With investment in artificial intelligence on the rise across the pharmaceutical industry, we look at how AI tools can boost traditional marketing campaigns’ productivity, improve targeting, and deliver significant business value.
Words by Danny Buckland
Random forests, white box, intelligent humans, regression, and hyperplanes; alien concepts to an untrained mind but approaching forces in the pharmaceutical space that have the potential to energise sales and marketing campaigns. Machine learning and AI have clear indications in diagnostics and drug development; now however, they are offering novel opportunities to improve return-on-investment (ROI) and patient outcomes.
Traditional routes to engagement and sales are already influenced by digital capabilities but a new wave of cyber techniques can harness the raging ocean of data that washes through pharma and healthcare. Reports from GlobalData, a leading data and analytics company, forecast that the disruptive force of AI will deliver productivity gains across all aspects of the value chain in the coming years. The challenge is to embrace its potential to offset the mounting budgetary pressure from drug development and traditional marketing campaigns.
Pharma can perhaps not harness the same agility as the social networking services Instagram and TikToK, yet it can learn from the platforms’ digital mastery of hooking an audience, as well as from the strategies of Amazon and Facebook – both now substantial forces in healthcare – to get a deep understanding of both clinician and patient preferences and aversions.
The rewards are clear but achieving them goes way beyond purchasing software and hiring a team of data scientists. A fundamental shift is needed to bolt AI into the wider business ecosystem. “Something I see repeatedly in pharma is a classic disconnect of data scientists not being business strategists who, in turn, don’t understand data science. It is a challenge that is holding some pharma companies back because they choose the tech before they have identified the business challenge, when it should be the other way around,” says Dr Andree Bates, Founder and CEO, Eularis, a leading supplier of marketing analytics. “We need to get them speaking the same language.” Miscommunication has already derailed partnerships between pharma and data science organisations. “One big pharma company hired IBM Watson for data insight but it didn’t work because they didn’t understand what each other wanted. This is repeated across the industry and is wasting opportunity and budget,” says Bates.
The potential is enormous and there is a huge range of digital tools that are yet to be fully exploited
Eularis has a vast tech toolbox to connect patient, clinician, and pharma rapidly.
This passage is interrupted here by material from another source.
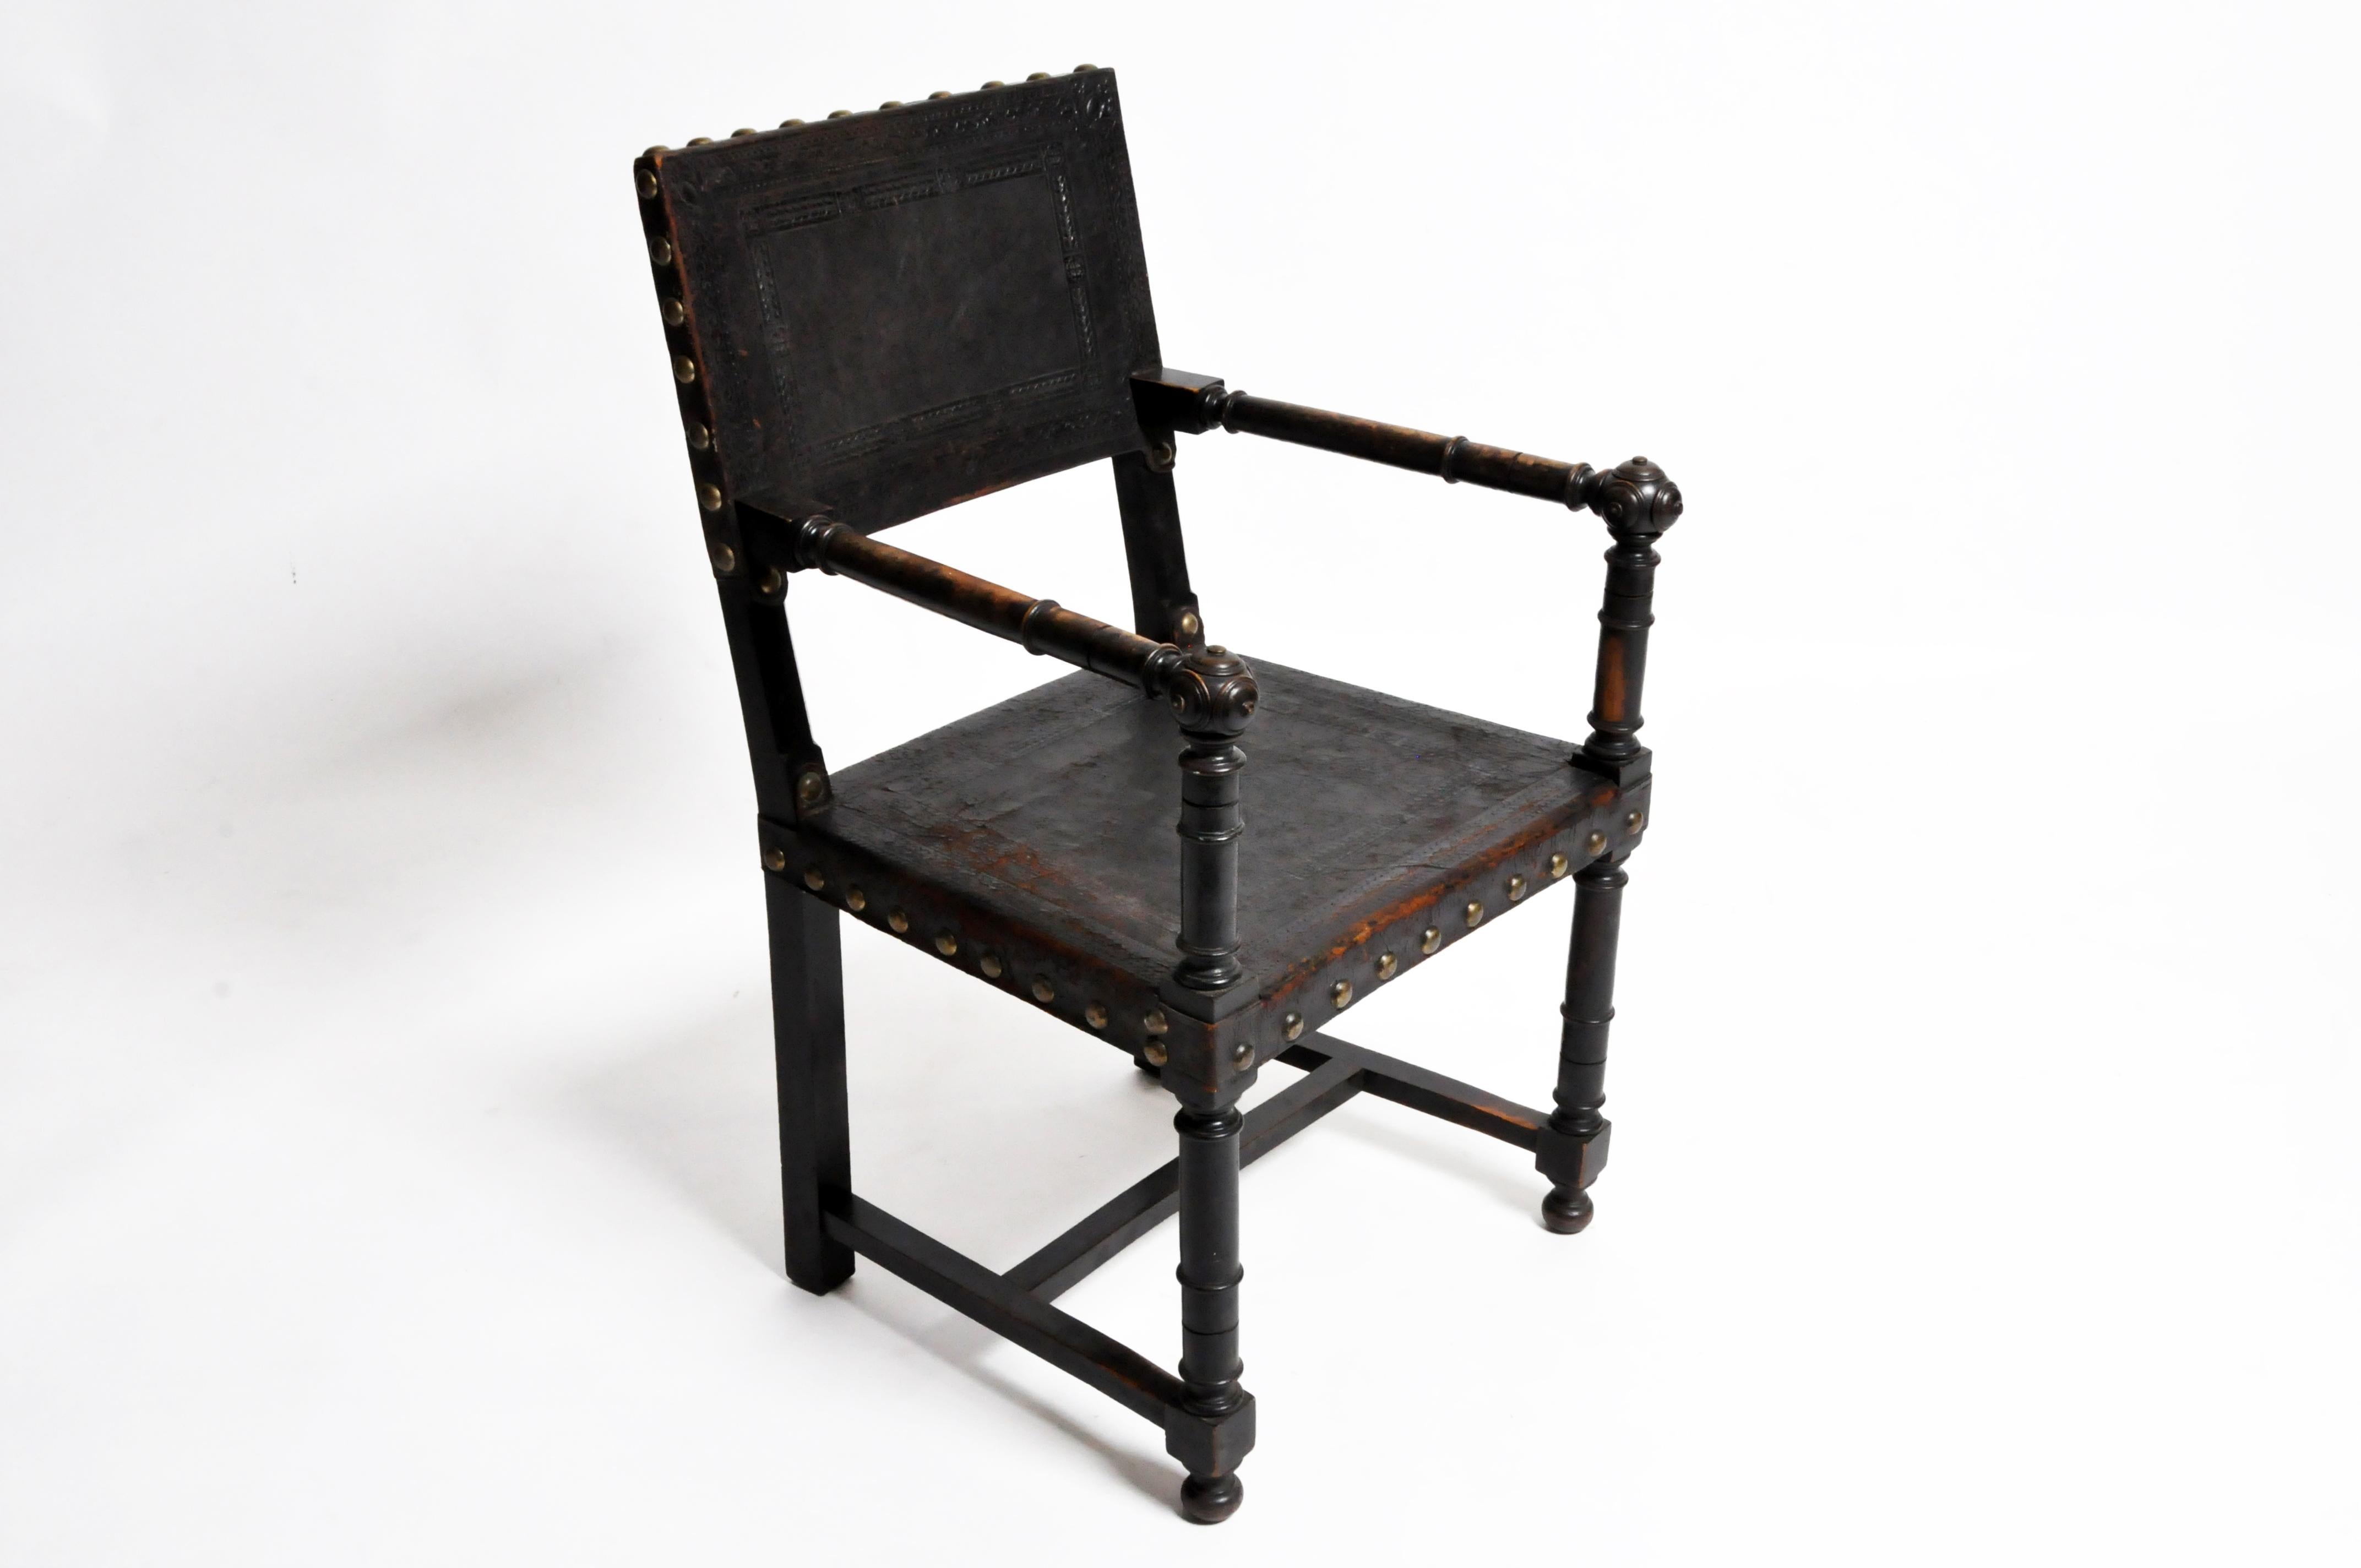 This armchair is from France and is made from black leather and wood, circa 1900. The chair features a beautifully aged patina and is made in a Gothic Revival style.
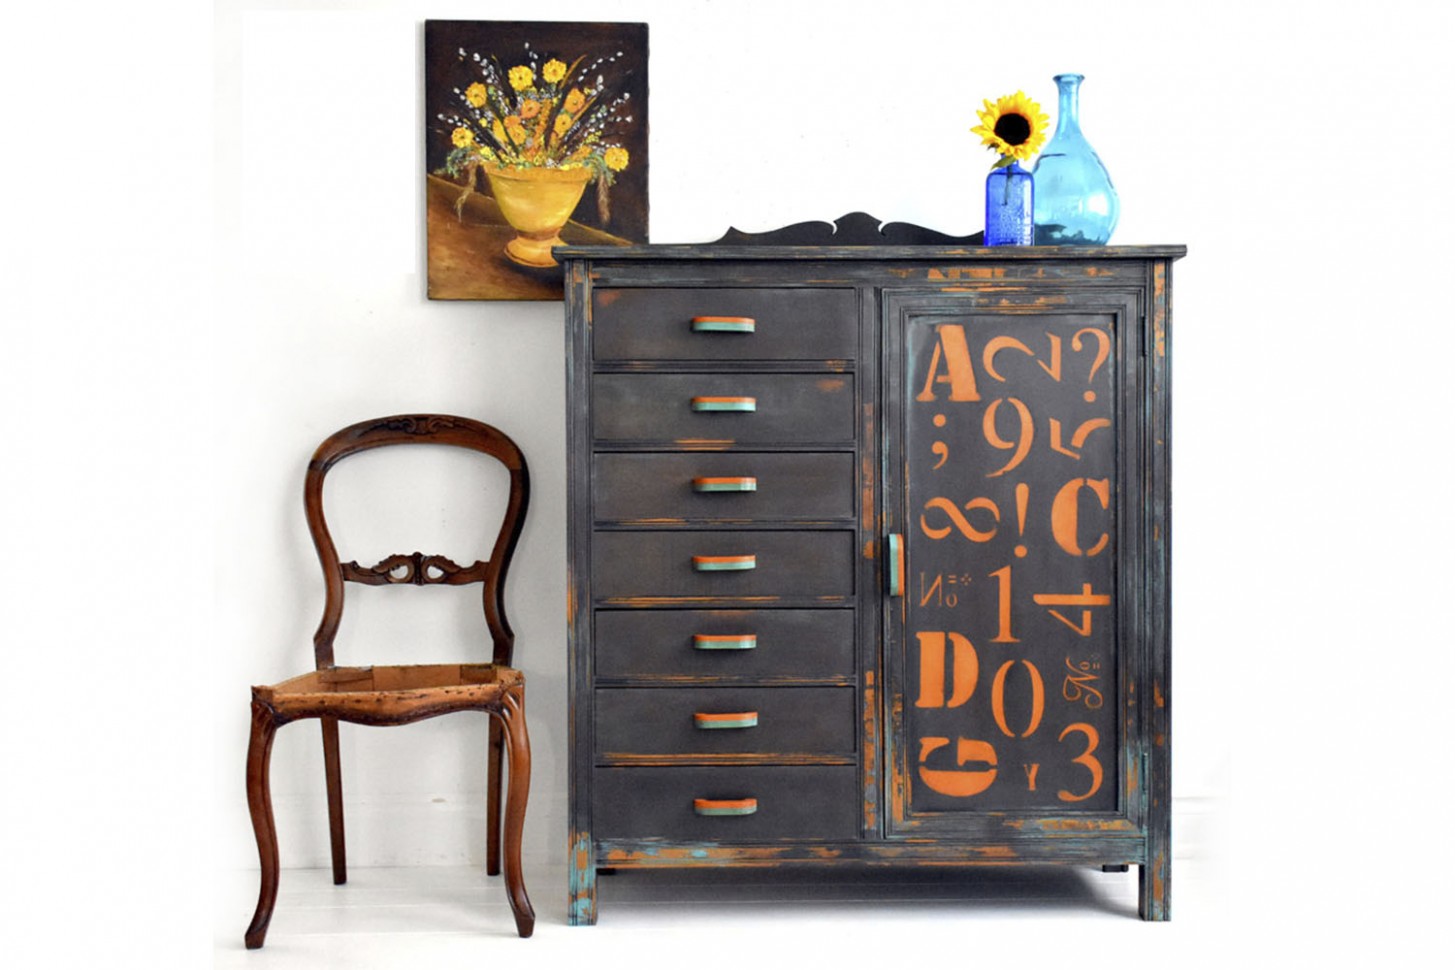 How To Upgrade Old Furniture In An Afternoon | Better Homes And ..

In one project, it collated the facial characteristics associated with a rare disease and deployed facial recognition software to crawl online sites, such as Facebook and Flickr, to identify patients and trigger adverts when they searched disease-specific information. The operation identified 13 new patients who accessed the treatment they needed and lead to a significant ROI. “The potential is enormous and there is a huge range of digital tools that are yet to be fully exploited,” adds Bates, who has lead AI-powered programmes for top-tier industry companies across medical affairs, sales, and marketing.
Research by technology analytics company ZS highlights pharma’s ad hoc approach to its data mountains which, although mainly unstructured, contain gold mines of intelligence on how patient behaviour nuances influences affinity and switching.
Roxanne Balfe, Senior Digital Healthcare Analyst, GlobalData, believes pharma has realised the competitive edge available from deploying algorithms, machine learning, and strategic software to illuminate fresh insights: “Pharma has not been the swiftest sector to take advantage but that is changing,” she says. “There is a growing trend for pharma companies to partner with smaller companies that are experts in digital innovation and technology rather than acquire them or grow them from within. This shows that pharma companies are aware they must learn from the technology industry and forge partnerships to deliver innovation, otherwise they will lose out to companies in the tech and retail space that have a strong online presence and dedicated customer base.”
Security, privacy, and regulatory concerns are all issues but social media is also opening new landscapes for marketing. “Many influencers and users have gained popularity by sharing their healthcare experiences throughout the pandemic, opening up opportunities for pharma and healthcare to take advantage of the technology,” adds Balfe. “These opportunities include insight mining: searching the platform for content related to a brand, disease state, or patient communities. Many influencers and patients have posted throughout 2020, either relating to healthcare experiences or specific conditions and diagnoses. Collaborating with healthcare professional influencers is especially relevant for younger audiences.”
The human touch in sales and marketing is still critical but AI and machine learning are set to be a growing thicket within the pharma landscape.